In the course of their conversation, Fr. Roldan (a trained clinical social worker) realized that she had already qualified for housing assistance, that there were state resources available to relocate her, and that there was no reason for her to be in the shelter aside from the need to submit the proper forms and documentation.

“Please, if you can, get me out of here.” She sounded desperate. “Please, please, I can’t stay here no more. Please get me out of here.” With a big smile and some jovial hand gestures, Fr. Roldan assured her: “Don’t worry, my friend, I will help you. I’m going to get you out of here.”

It took hours. Navigating red tape and bureaucracies like a ninja, by the end of the day she was out of the shelter and into a new apartment. She had only two pillows and a blanket from the shelter – no bed, no chairs, no dishes, cups, pots or pans – but she was grateful nonetheless just to have a place of her own. Fr. Roldan then put out the call and tonight she sleeps on a donated air-mattress and has some basic provisions to see her through the coming days. There’s still a ways to go, but this is at least a start.

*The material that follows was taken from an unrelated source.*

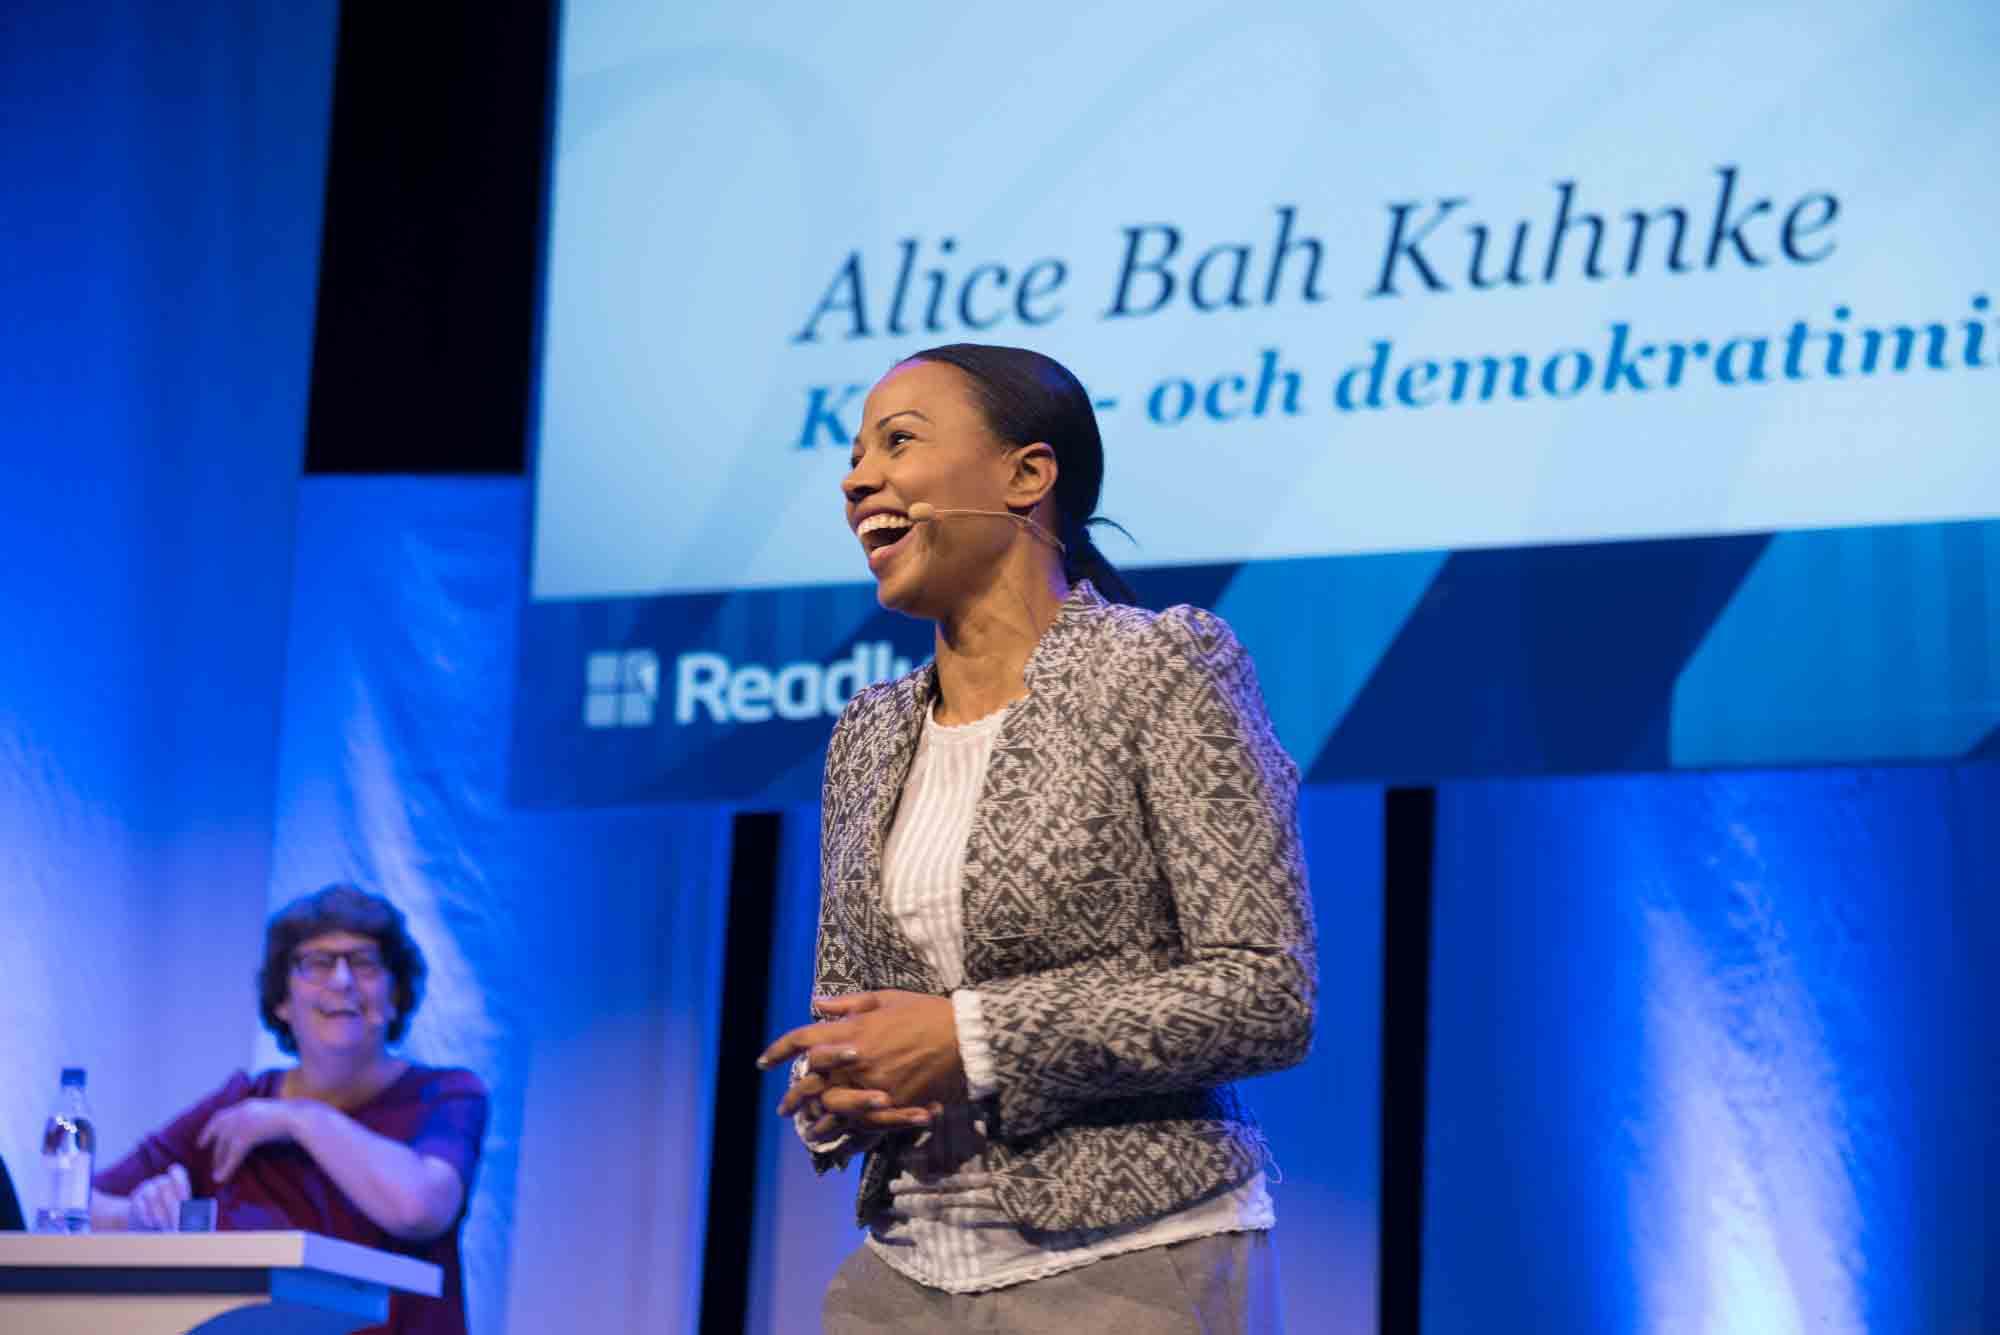 Alica Bah Kuhnke, kultur- och demokratiminister. Foto: Anette Persson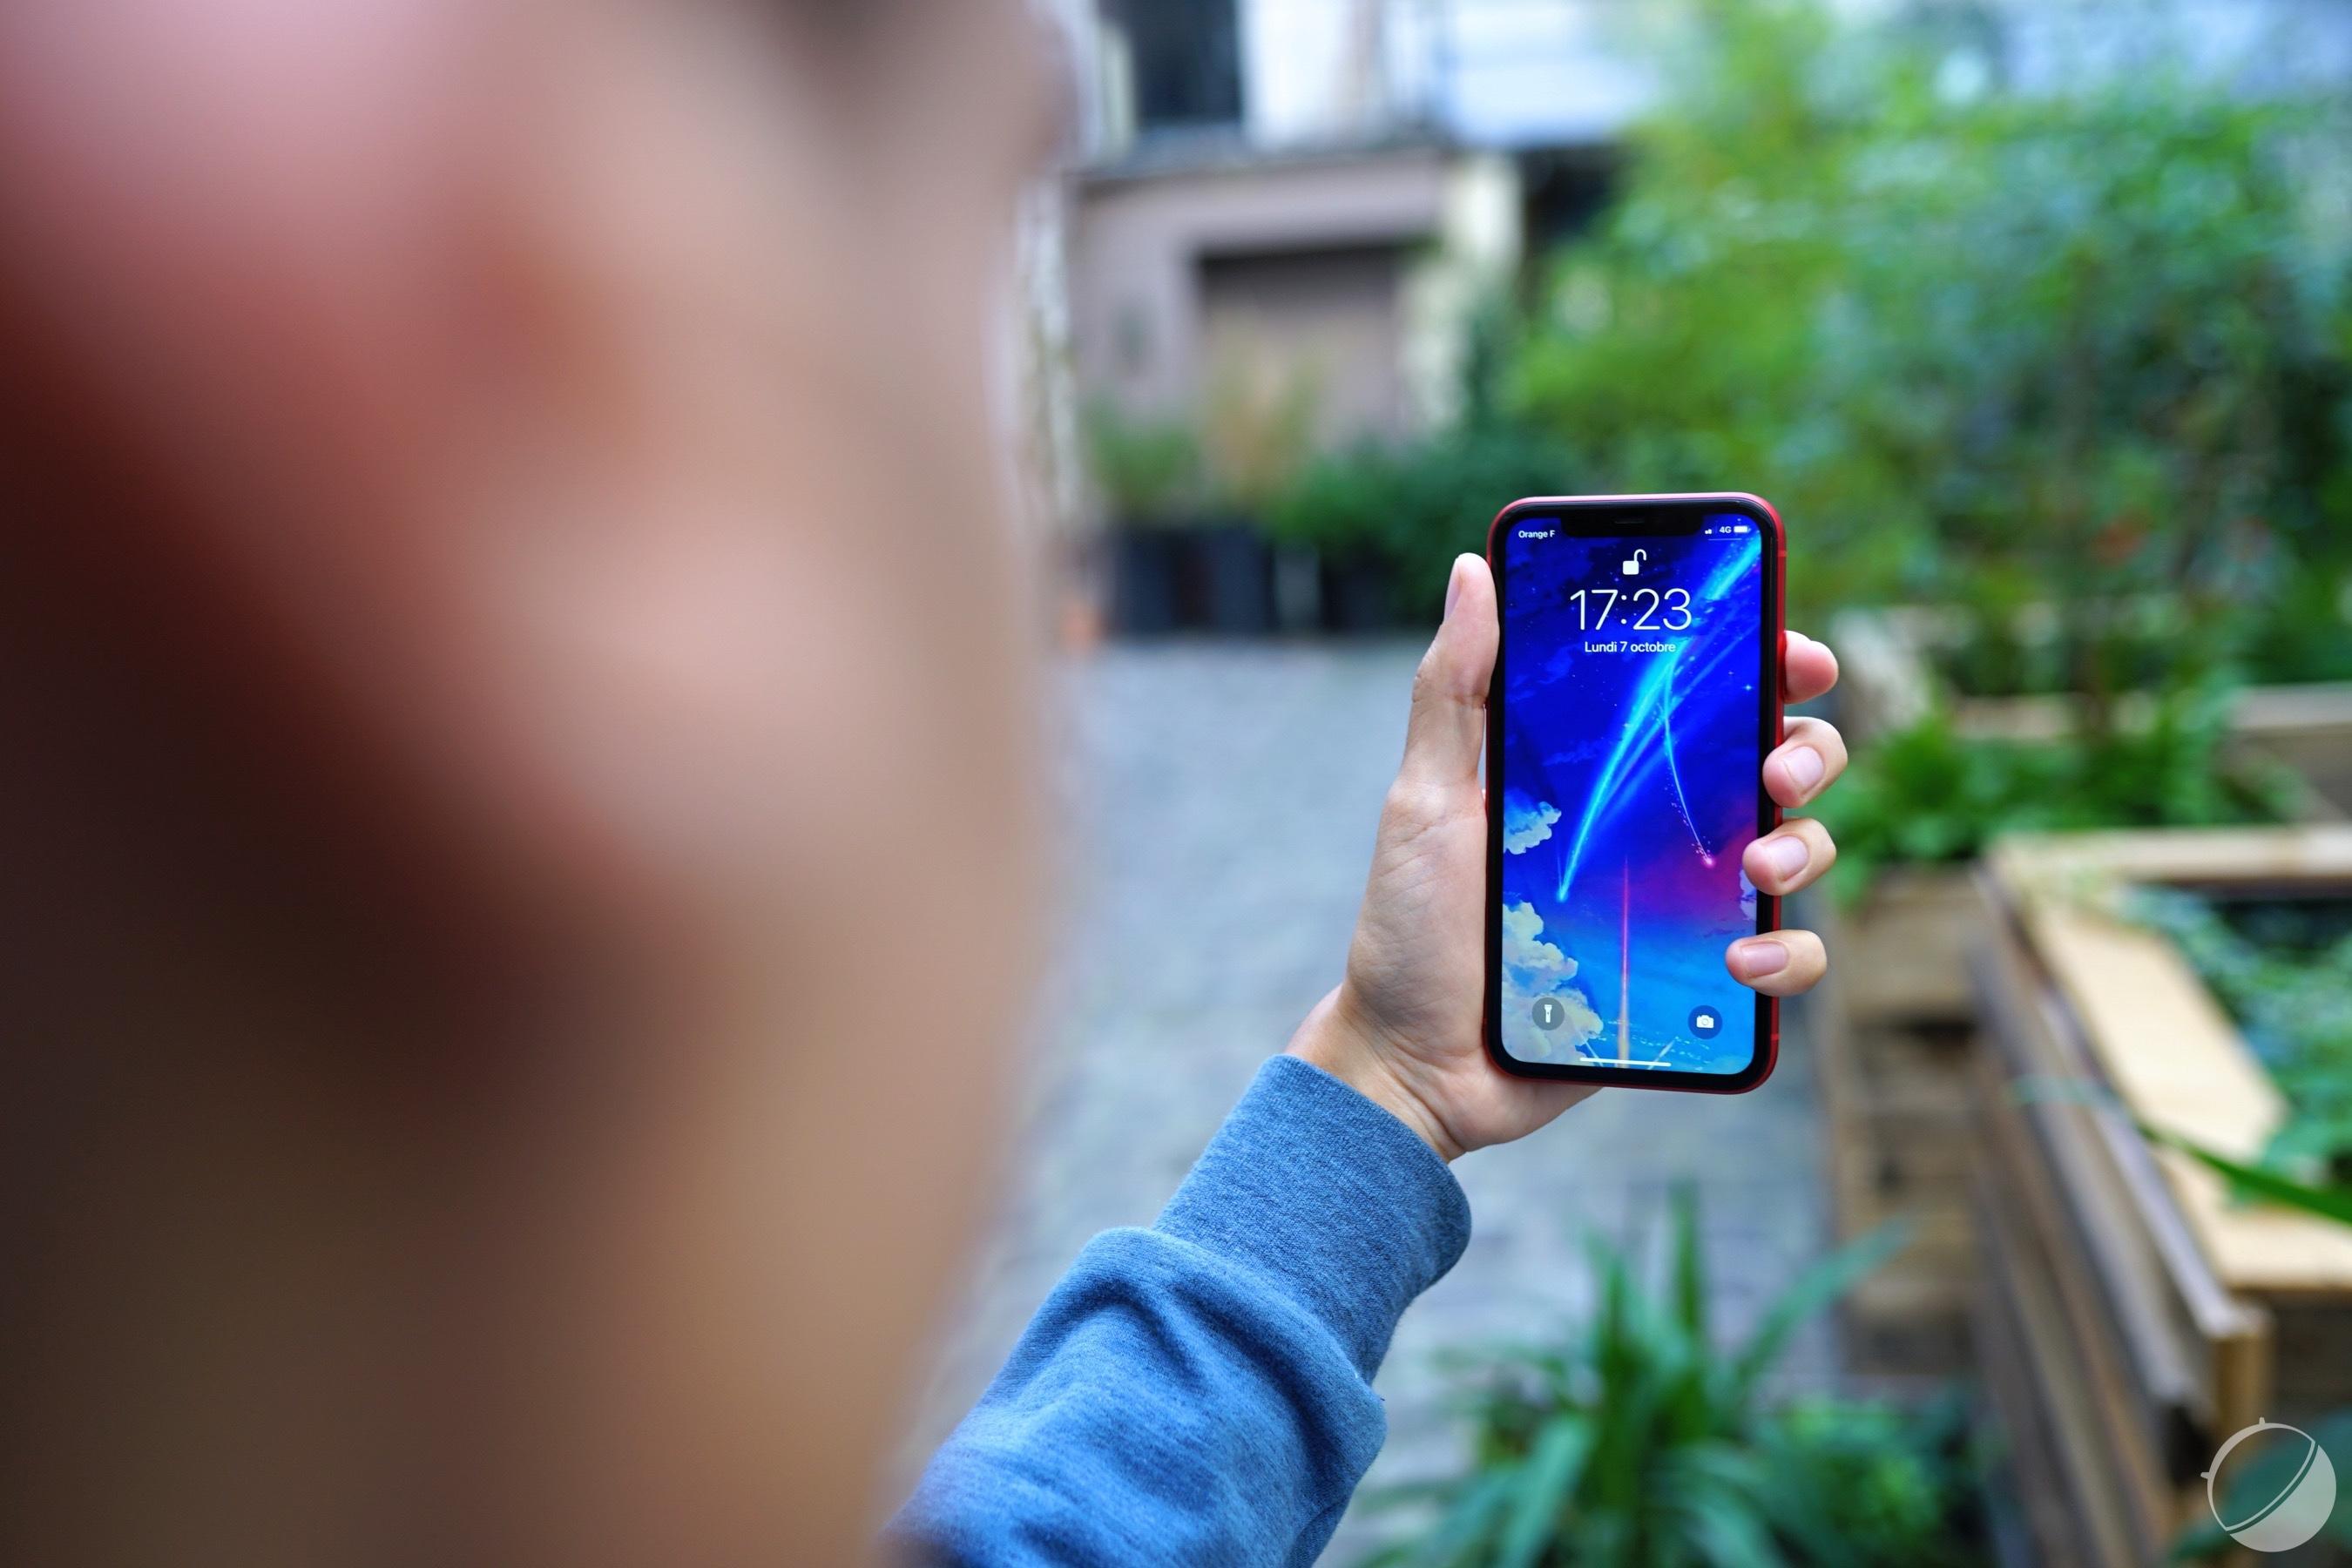 Les 3 meilleurs smartphones de novembre 2019 sur FrAndroid

With so many people in similar situations, so much unmet need, so much heartache and frustration – a case like [this] may seem only a drop in the bucket. And in the big picture, we may ask, what difference does such exhausting effort actually make? I suppose for the statistician, it’s true, it does not change grand totals very much. But for this woman, I am sure, it makes a world of difference.

It can be hard sometimes when beholding events of such magnitude to remember – that behind every number is a face, a particular individual, a person created in the image of God, of irreplaceable value and worth, whom we are ever called to love. And despite what we may think or desire, none of us has the power or ability to move the seas, to re-form the world. But all of us can put a drop in a bucket, and in so doing, make a world of difference.

Amen. God spits in the mud and rubs it on our eyes, and we can see. I love these stories! Pass them on — they’re happening everywhere around us here in south Louisiana these days.